The atmosphere at the house cracks me up – as there are about 15 guys in 140 volunteers in Mali, it has this sorority house feel to it. Two gals Cathy and Molly were shrieking over a copy of GQ last night, drooling over football players, and declaring them to be “SOOOO All-American!!!” I think this is a positive trait! And as they come from all over the states, there is a multitude of accents, which I am itching to imitate. I just bury my head in an issue of the ‘Texas Monthly’, biting my cheeks to stop chuckling.

They all very friendly, open people, and I have been out a few times to the local bars and a restaurant, a very surreal experience, as outside the door it is all open sewers, hustlers and red potholed streets and people washing their clothes. Right near their local is a ‘toubab’ supermarket, where you can buy anything imported at extortionate prices, while outside two women sell fruit and veg at rock-bottom prices.

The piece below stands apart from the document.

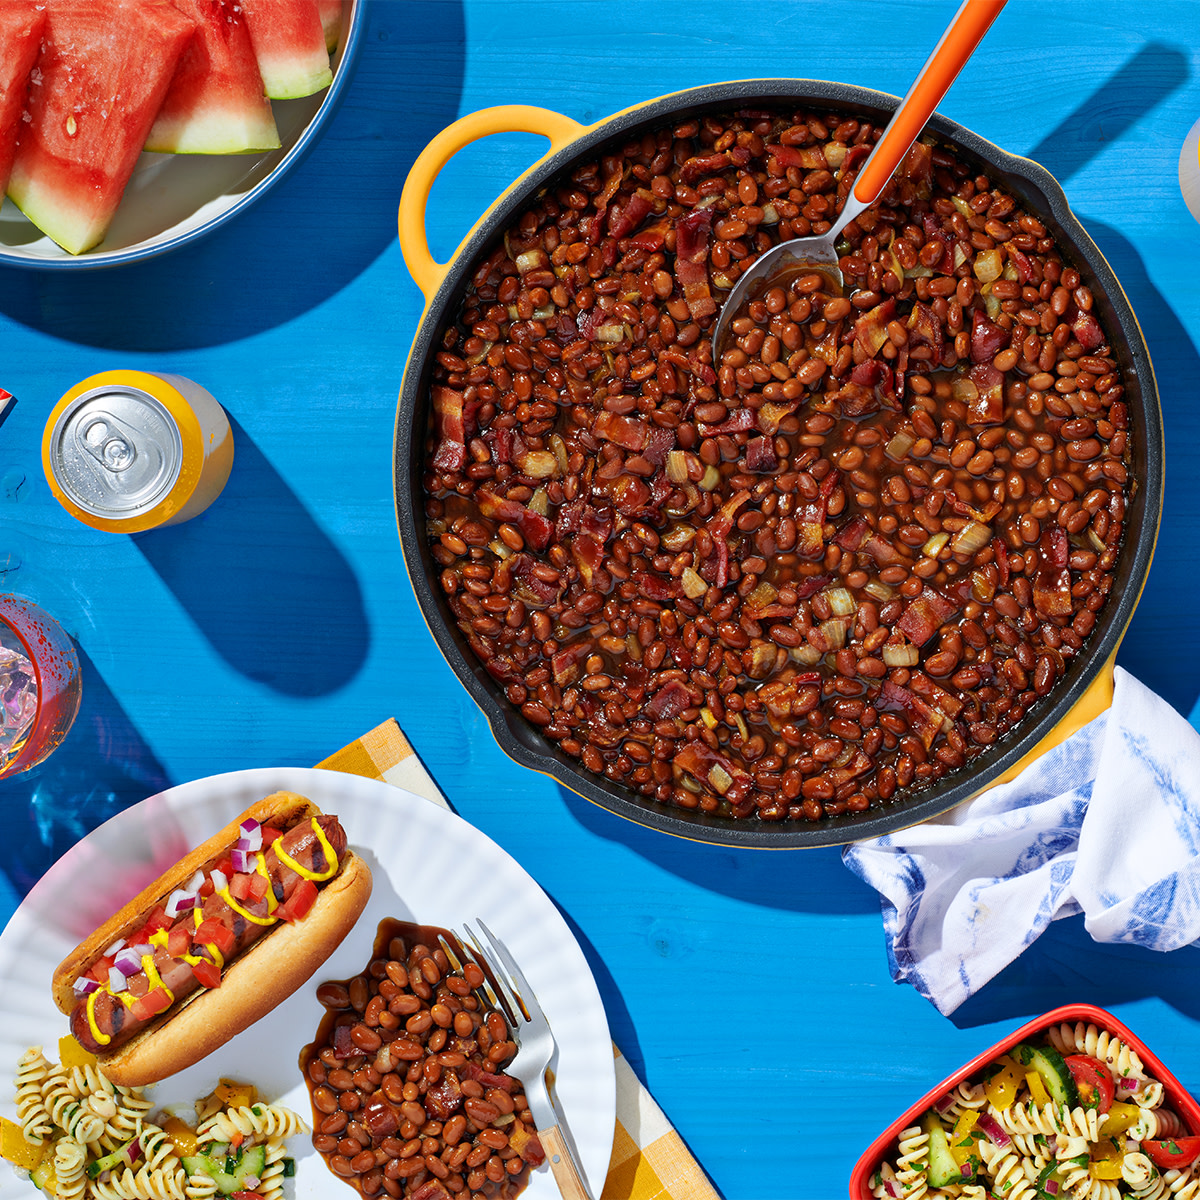 Bush's Original Baked Beans Seasoned with Bacon & Brown Sugar, Canned Beans, 55 oz - image 4 of 7

There is an enormous gap between rich and poor here – the ‘functionaires’ (ex-pats) drive around arrogantly in their luxury Mercs, BMW’s and so on, one even splashing bright red mud all over me and my new sandals. There are even more beggars and crippled folk than in Dakar, yet the governent lashed out on a million bucks for a monument that quite frankly looks to me like a big phallus. What it’s for, no-one knows.

This morning I am hanging around for my Burkina Faso visa, which I hate, as all the secretaries at the embassies look at me with undisguised loathing, even before I’ve opened my mouth. Thank you Cazz, Bek and Anno for your letters. I don’t know the origins of toubab, but it is the sort of thing kids yell at you in the street in Mali and Senegal. In Djifer, Senegal, I had the oiliest omelette of my life in near darkness, while about 5 little girls stared at me, ripped up the bread on my plate, and murmured ‘toubab, toubab’ the whole time! It can be an insult, or just a means of identifying you, as skin colour is very important here. When I want bottled water rather than tap, if the vendor doesn’t understand me, I just ask for ‘de l’eau toubab’, and he gets the message!